Stored dataset items
==============================

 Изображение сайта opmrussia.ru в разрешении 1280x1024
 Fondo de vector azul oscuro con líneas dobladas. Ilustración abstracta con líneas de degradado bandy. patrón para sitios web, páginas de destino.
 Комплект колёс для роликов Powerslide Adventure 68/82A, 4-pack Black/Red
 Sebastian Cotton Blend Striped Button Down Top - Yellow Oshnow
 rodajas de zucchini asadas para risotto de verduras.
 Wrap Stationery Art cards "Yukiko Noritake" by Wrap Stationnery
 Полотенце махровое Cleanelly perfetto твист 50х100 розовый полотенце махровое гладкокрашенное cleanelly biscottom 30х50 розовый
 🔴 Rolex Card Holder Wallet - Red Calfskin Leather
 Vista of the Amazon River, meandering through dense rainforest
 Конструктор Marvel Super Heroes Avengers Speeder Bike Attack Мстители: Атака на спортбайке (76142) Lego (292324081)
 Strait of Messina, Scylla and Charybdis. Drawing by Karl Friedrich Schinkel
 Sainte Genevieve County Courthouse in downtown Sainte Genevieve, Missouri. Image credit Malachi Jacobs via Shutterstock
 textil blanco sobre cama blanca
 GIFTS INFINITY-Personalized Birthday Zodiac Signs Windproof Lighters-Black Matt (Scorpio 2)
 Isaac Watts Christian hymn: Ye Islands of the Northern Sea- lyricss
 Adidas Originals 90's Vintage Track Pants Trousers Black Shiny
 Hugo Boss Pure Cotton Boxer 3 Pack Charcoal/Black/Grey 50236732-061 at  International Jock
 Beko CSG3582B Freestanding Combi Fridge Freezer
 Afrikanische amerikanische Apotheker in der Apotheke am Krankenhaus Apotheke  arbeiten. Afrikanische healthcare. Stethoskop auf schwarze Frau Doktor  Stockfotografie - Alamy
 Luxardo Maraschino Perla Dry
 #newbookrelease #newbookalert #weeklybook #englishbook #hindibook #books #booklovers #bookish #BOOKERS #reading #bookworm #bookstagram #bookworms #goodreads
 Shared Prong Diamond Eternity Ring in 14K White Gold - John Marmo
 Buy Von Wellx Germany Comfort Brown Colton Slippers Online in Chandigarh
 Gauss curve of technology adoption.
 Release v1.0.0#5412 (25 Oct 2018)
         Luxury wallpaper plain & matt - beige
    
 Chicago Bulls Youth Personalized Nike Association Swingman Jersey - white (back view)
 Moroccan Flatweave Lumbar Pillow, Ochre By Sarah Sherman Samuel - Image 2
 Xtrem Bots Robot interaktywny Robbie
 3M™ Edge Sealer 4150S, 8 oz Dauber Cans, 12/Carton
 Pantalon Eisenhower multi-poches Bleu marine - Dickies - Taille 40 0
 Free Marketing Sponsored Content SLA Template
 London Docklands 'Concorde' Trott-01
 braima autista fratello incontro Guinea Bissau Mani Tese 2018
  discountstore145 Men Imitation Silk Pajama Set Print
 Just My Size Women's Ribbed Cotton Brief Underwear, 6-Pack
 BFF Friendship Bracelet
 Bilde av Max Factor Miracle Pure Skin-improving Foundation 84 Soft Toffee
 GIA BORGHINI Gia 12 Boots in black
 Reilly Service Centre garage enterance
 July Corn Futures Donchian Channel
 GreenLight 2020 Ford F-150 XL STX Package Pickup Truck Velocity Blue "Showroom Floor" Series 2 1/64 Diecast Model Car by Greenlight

==============================

TASK REQUIREMENTS:
Quote all the records exactly, please, leaving none out.

FINISHED EXERCISE:
 Изображение сайта opmrussia.ru в разрешении 1280x1024
 Fondo de vector azul oscuro con líneas dobladas. Ilustración abstracta con líneas de degradado bandy. patrón para sitios web, páginas de destino.
 Комплект колёс для роликов Powerslide Adventure 68/82A, 4-pack Black/Red
 Sebastian Cotton Blend Striped Button Down Top - Yellow Oshnow
 rodajas de zucchini asadas para risotto de verduras.
 Wrap Stationery Art cards "Yukiko Noritake" by Wrap Stationnery
 Полотенце махровое Cleanelly perfetto твист 50х100 розовый полотенце махровое гладкокрашенное cleanelly biscottom 30х50 розовый
 🔴 Rolex Card Holder Wallet - Red Calfskin Leather
 Vista of the Amazon River, meandering through dense rainforest
 Конструктор Marvel Super Heroes Avengers Speeder Bike Attack Мстители: Атака на спортбайке (76142) Lego (292324081)
 Strait of Messina, Scylla and Charybdis. Drawing by Karl Friedrich Schinkel
 Sainte Genevieve County Courthouse in downtown Sainte Genevieve, Missouri. Image credit Malachi Jacobs via Shutterstock
 textil blanco sobre cama blanca
 GIFTS INFINITY-Personalized Birthday Zodiac Signs Windproof Lighters-Black Matt (Scorpio 2)
 Isaac Watts Christian hymn: Ye Islands of the Northern Sea- lyricss
 Adidas Originals 90's Vintage Track Pants Trousers Black Shiny
 Hugo Boss Pure Cotton Boxer 3 Pack Charcoal/Black/Grey 50236732-061 at  International Jock
 Beko CSG3582B Freestanding Combi Fridge Freezer
 Afrikanische amerikanische Apotheker in der Apotheke am Krankenhaus Apotheke  arbeiten. Afrikanische healthcare. Stethoskop auf schwarze Frau Doktor  Stockfotografie - Alamy
 Luxardo Maraschino Perla Dry
 #newbookrelease #newbookalert #weeklybook #englishbook #hindibook #books #booklovers #bookish #BOOKERS #reading #bookworm #bookstagram #bookworms #goodreads
 Shared Prong Diamond Eternity Ring in 14K White Gold - John Marmo
 Buy Von Wellx Germany Comfort Brown Colton Slippers Online in Chandigarh
 Gauss curve of technology adoption.
 Release v1.0.0#5412 (25 Oct 2018)
         Luxury wallpaper plain & matt - beige
    
 Chicago Bulls Youth Personalized Nike Association Swingman Jersey - white (back view)
 Moroccan Flatweave Lumbar Pillow, Ochre By Sarah Sherman Samuel - Image 2
 Xtrem Bots Robot interaktywny Robbie
 3M™ Edge Sealer 4150S, 8 oz Dauber Cans, 12/Carton
 Pantalon Eisenhower multi-poches Bleu marine - Dickies - Taille 40 0
 Free Marketing Sponsored Content SLA Template
 London Docklands 'Concorde' Trott-01
 braima autista fratello incontro Guinea Bissau Mani Tese 2018
  discountstore145 Men Imitation Silk Pajama Set Print
 Just My Size Women's Ribbed Cotton Brief Underwear, 6-Pack
 BFF Friendship Bracelet
 Bilde av Max Factor Miracle Pure Skin-improving Foundation 84 Soft Toffee
 GIA BORGHINI Gia 12 Boots in black
 Reilly Service Centre garage enterance
 July Corn Futures Donchian Channel
 GreenLight 2020 Ford F-150 XL STX Package Pickup Truck Velocity Blue "Showroom Floor" Series 2 1/64 Diecast Model Car by Greenlight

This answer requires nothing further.